● Work item
The listing is to be printed word for word, pictures omitted.

** Opening Supplied information block **

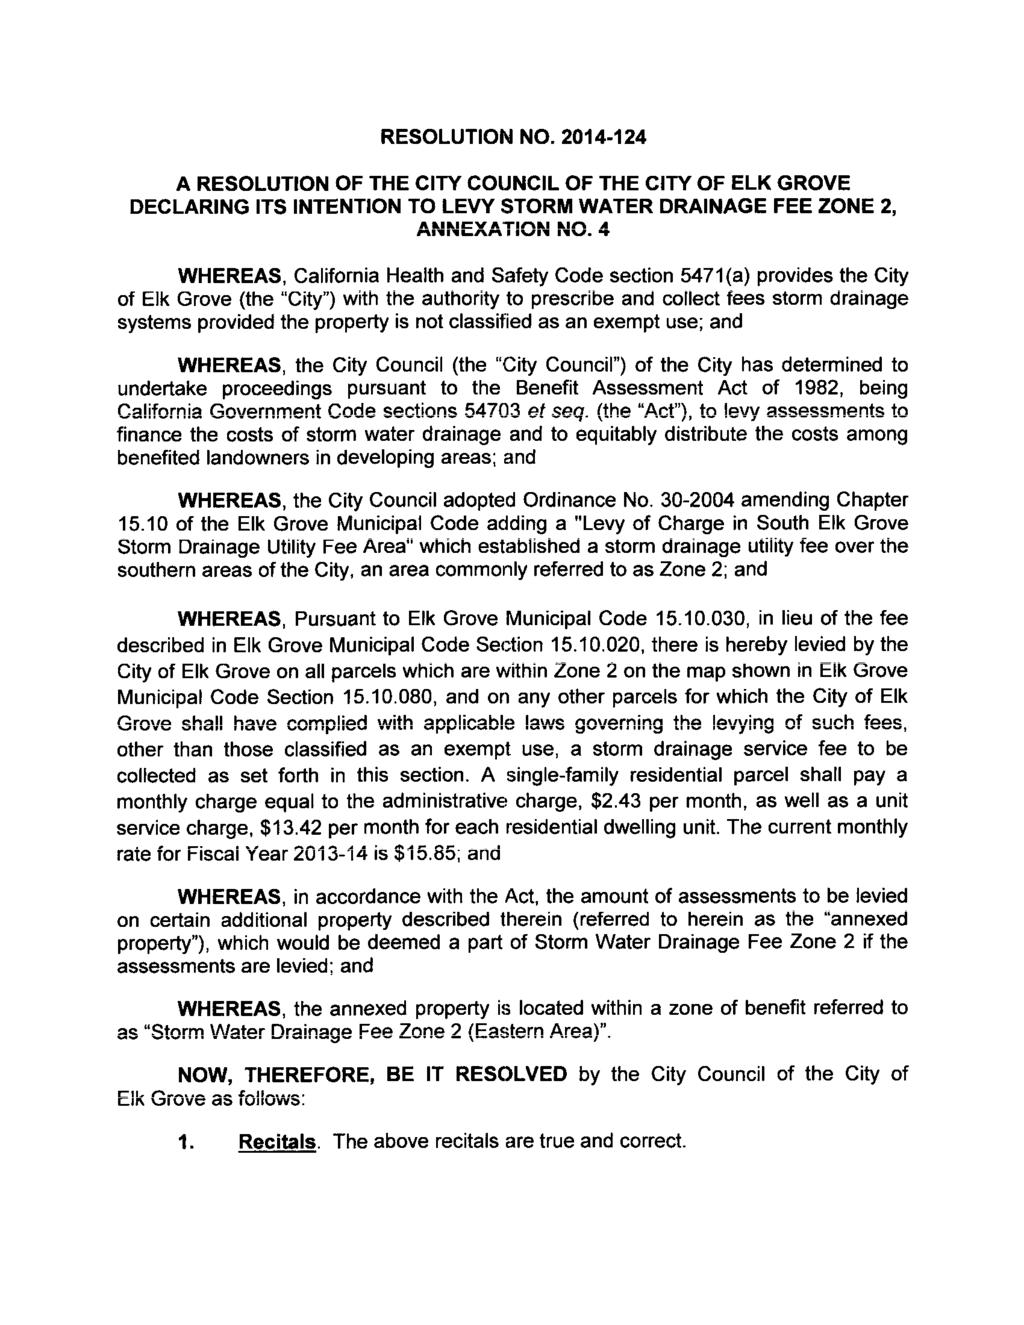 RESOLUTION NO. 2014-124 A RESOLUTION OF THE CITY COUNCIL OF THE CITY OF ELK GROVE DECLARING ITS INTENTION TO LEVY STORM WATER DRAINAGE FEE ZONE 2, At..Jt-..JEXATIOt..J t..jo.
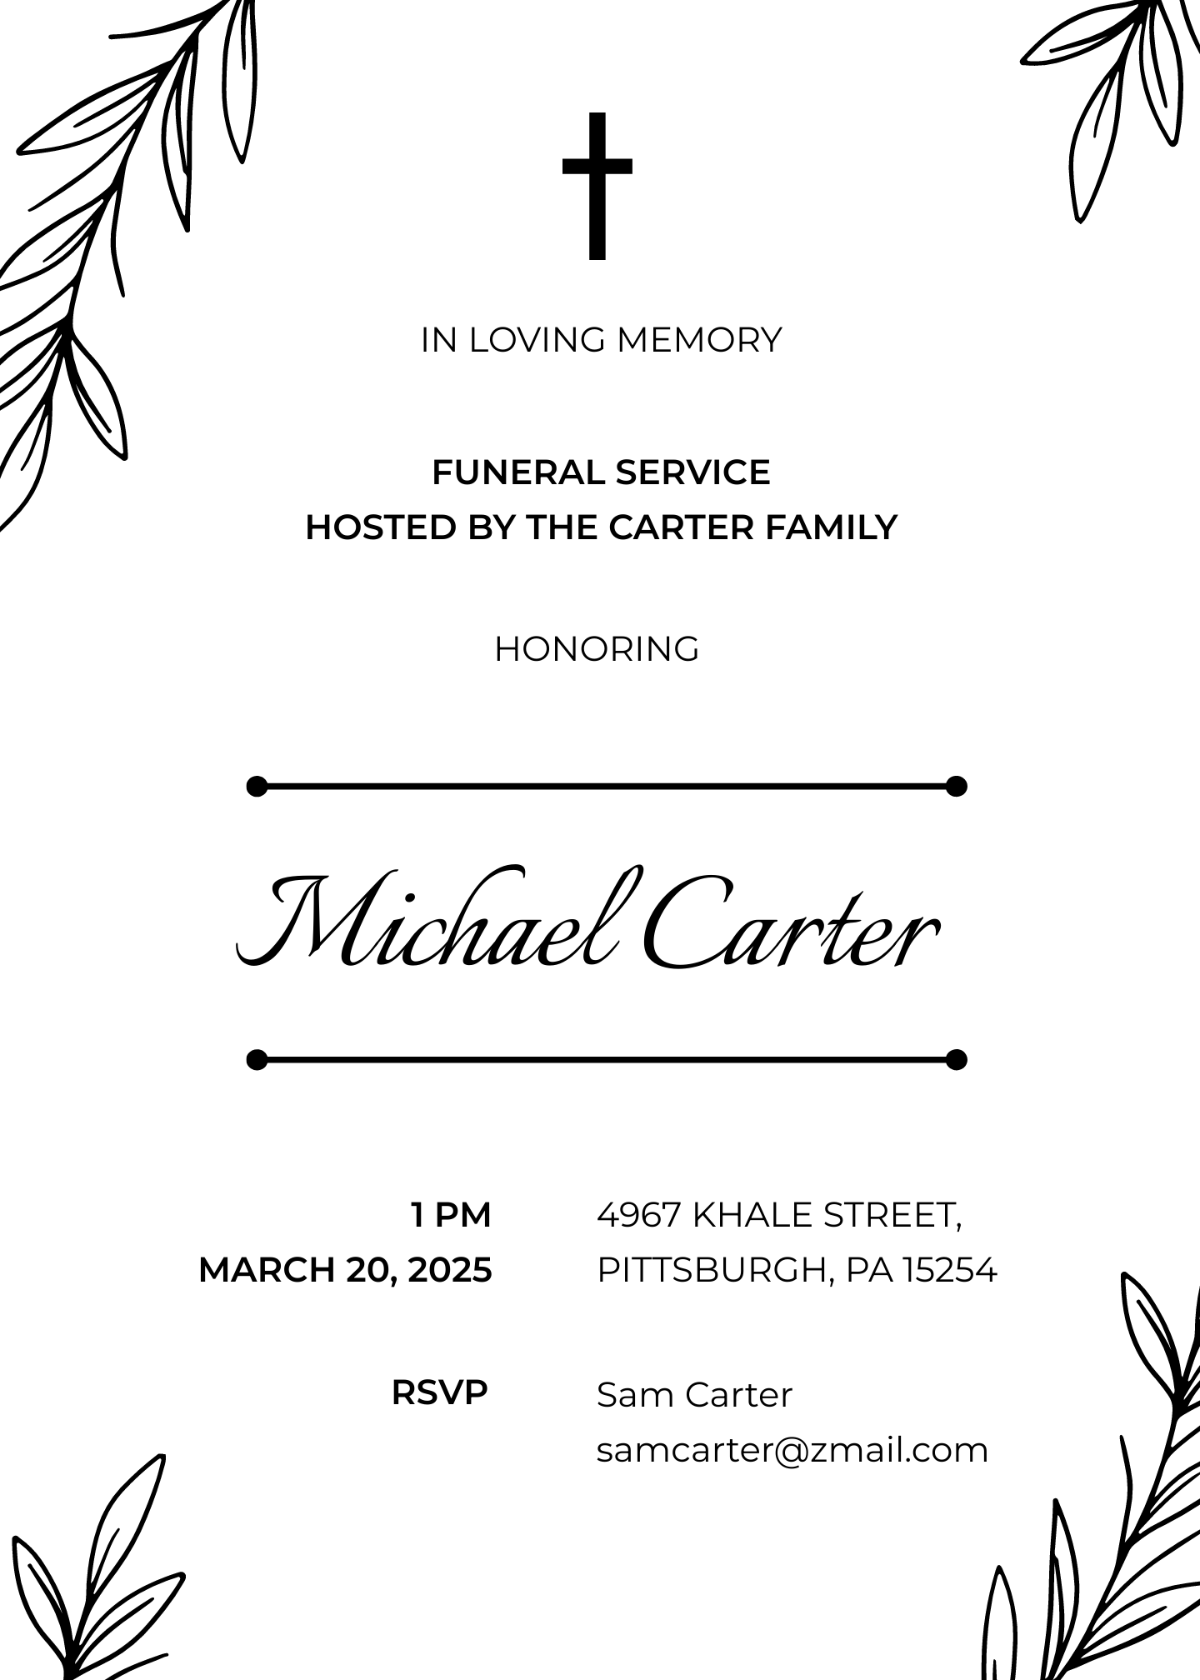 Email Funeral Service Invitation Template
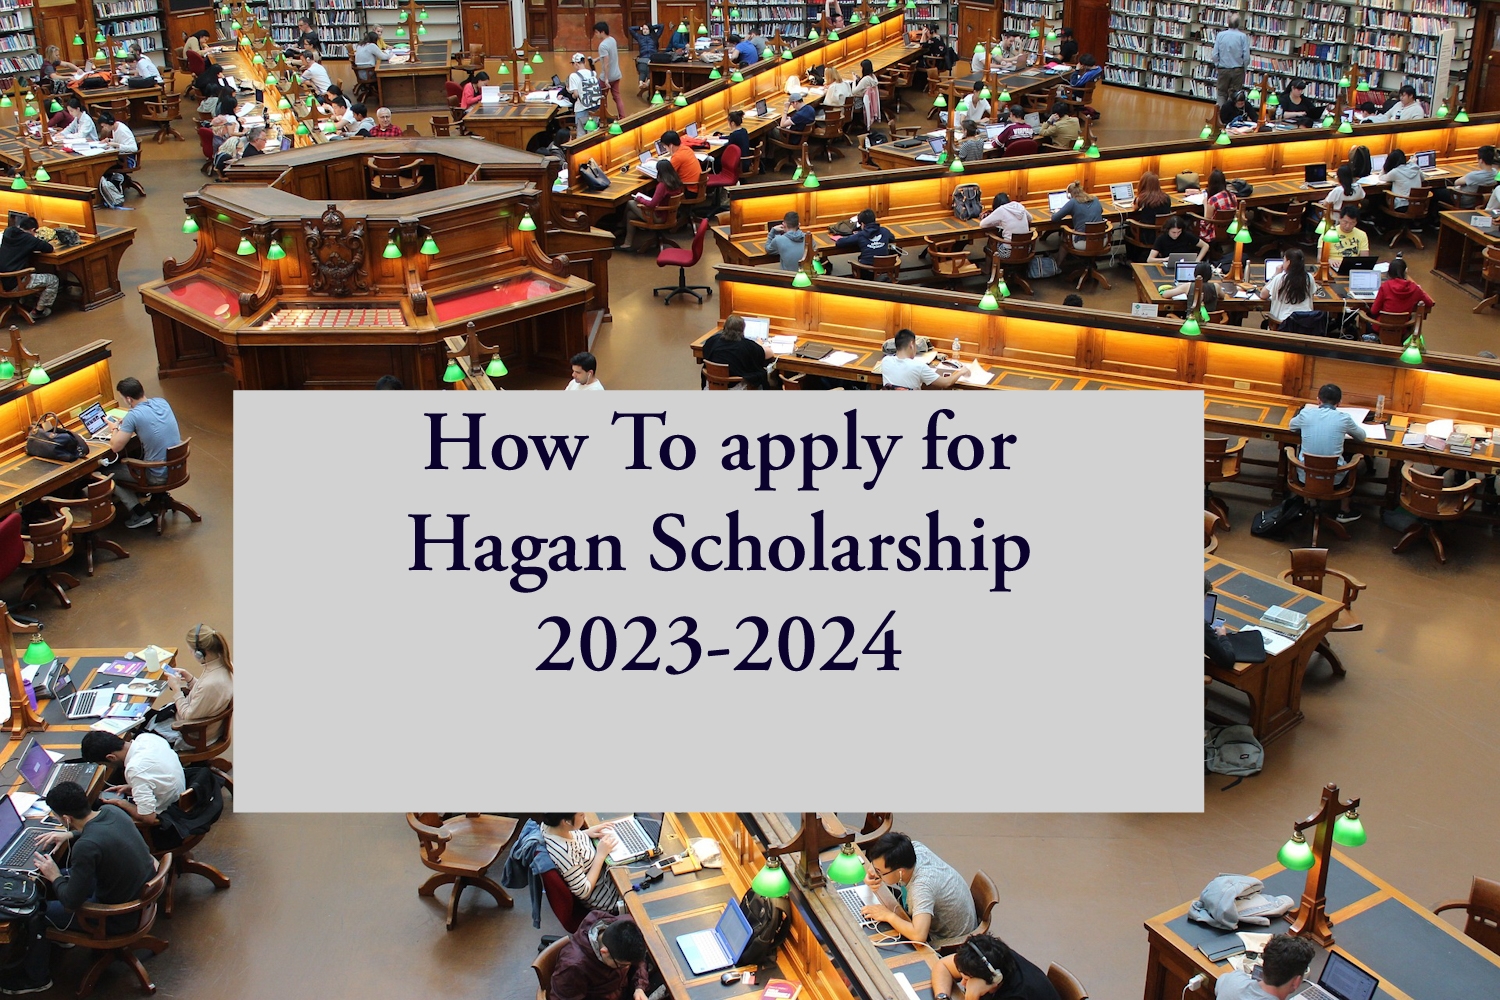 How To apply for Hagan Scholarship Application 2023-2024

** Closing Supplied information block **

● Solution for this exercise
 RESOLUTION NO. 2014-124 A RESOLUTION OF THE CITY COUNCIL OF THE CITY OF ELK GROVE DECLARING ITS INTENTION TO LEVY STORM WATER DRAINAGE FEE ZONE 2, At..Jt-..JEXATIOt..J t..jo.
 Email Funeral Service Invitation Template
 How To apply for Hagan Scholarship Application 2023-2024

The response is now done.